In our paper, we address the identification and handling of such inconsistencies using negative rules, which are predicates that take a number of records and return whether the records are consistent or not. For example, if ER mistakenly merges two person records with different genders, we can specify a binary negative rule that flags an inconsistency for any record that has both genders. The negative rules are then used with the original ER rules to find a consistent ER solution.

There are two reasons why we cannot simply modify the ER rules instead of using the negative rules. First, the negative rules are only used to check the consistency of the final ER result and not the consistency of the intermediate records that are created during the ER process. For example, a record that has both genders may turn out to be Female (based on more evidence) at the end of the ER process (and thus consistent). Second, the negative rules can be viewed as an effort of a second party to fix the errors made by the ER rules of the first party.

We propose a general algorithm that finds a consistent ER solution and an enhanced algorithm that is more efficient than the general algorithm, but assumes certain properties on the negative and ER rules. Our main findings are as follows:
  • Negative rules can significantly improve the accuracy of the ER process. Depending on the strategy, a domain expert may need to help resolve the inconsistencies.

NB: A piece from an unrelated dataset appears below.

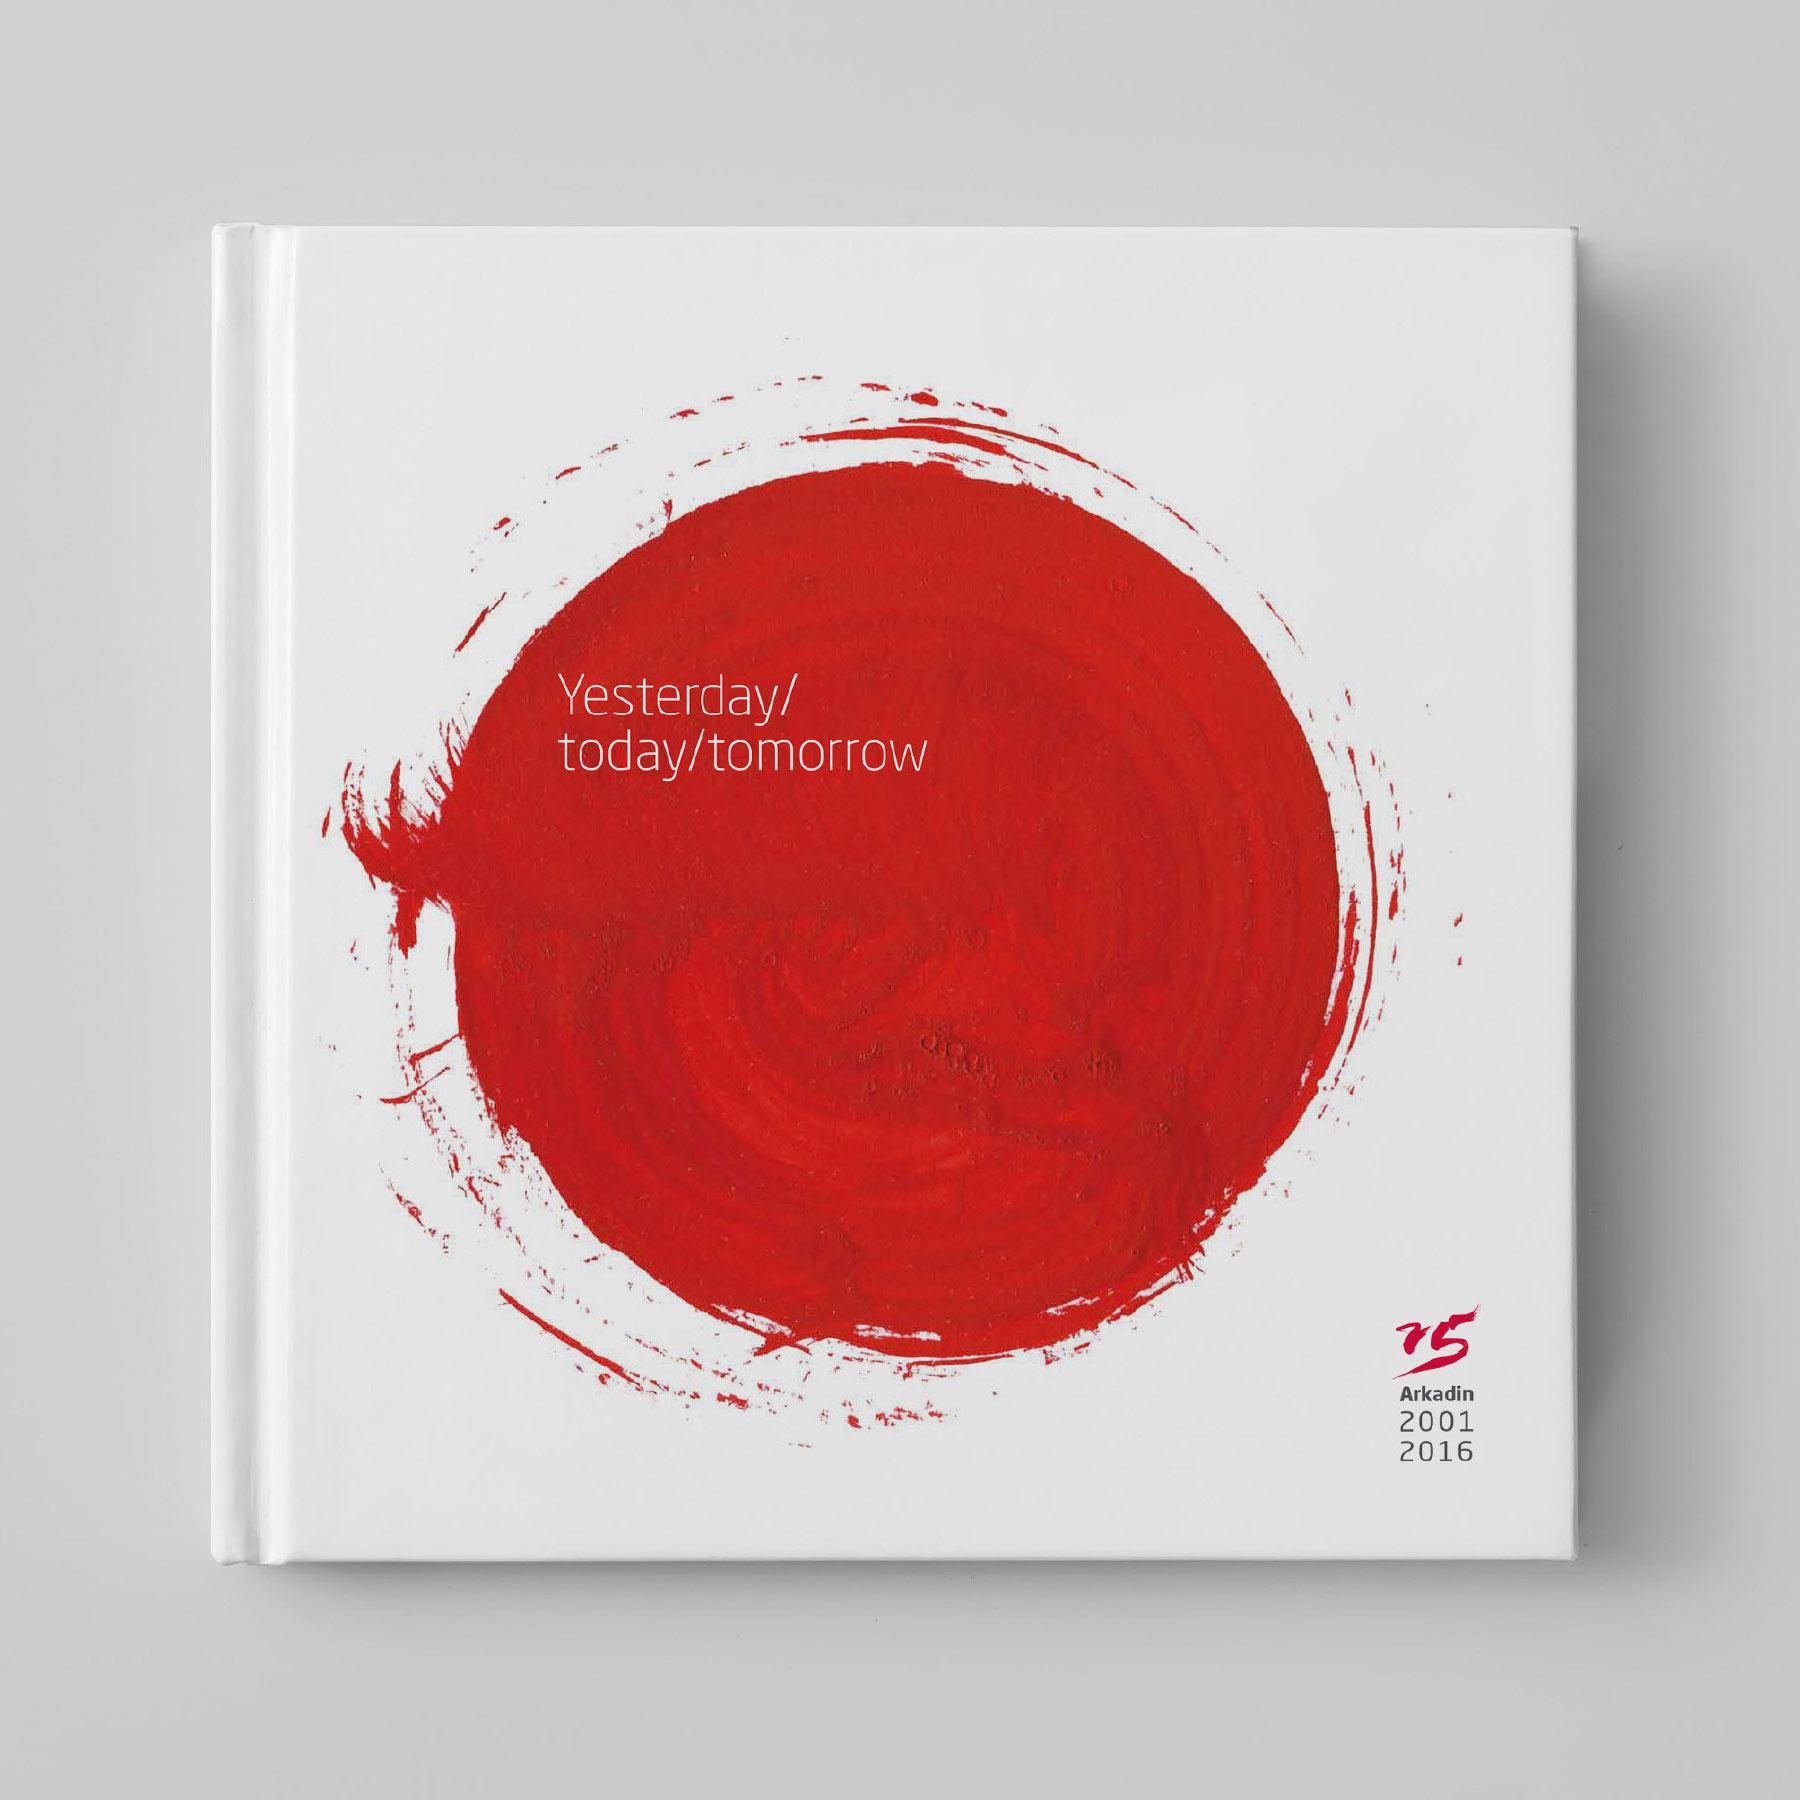 marketing book cover design arkadin

  • Different combinations of negative rules may result in different accuracy and runtime results. The negative rules themselves also need to be correct and effectively pinpoint the errors of the ER rules.
  • Applying negative rules is an expensive process (at least quadratic) that should not be run on the entire dataset if the dataset is very large. A common technique in ER is to use blocking techniques (many variations exist) where the entire dataset is divided into smaller blocks, and the blocks are processed one at a time. The negative rules can be used within each block.
  • Even without the properties, the enhanced algorithm can efficiently produce results that are nearly identical to those of the general algorithm.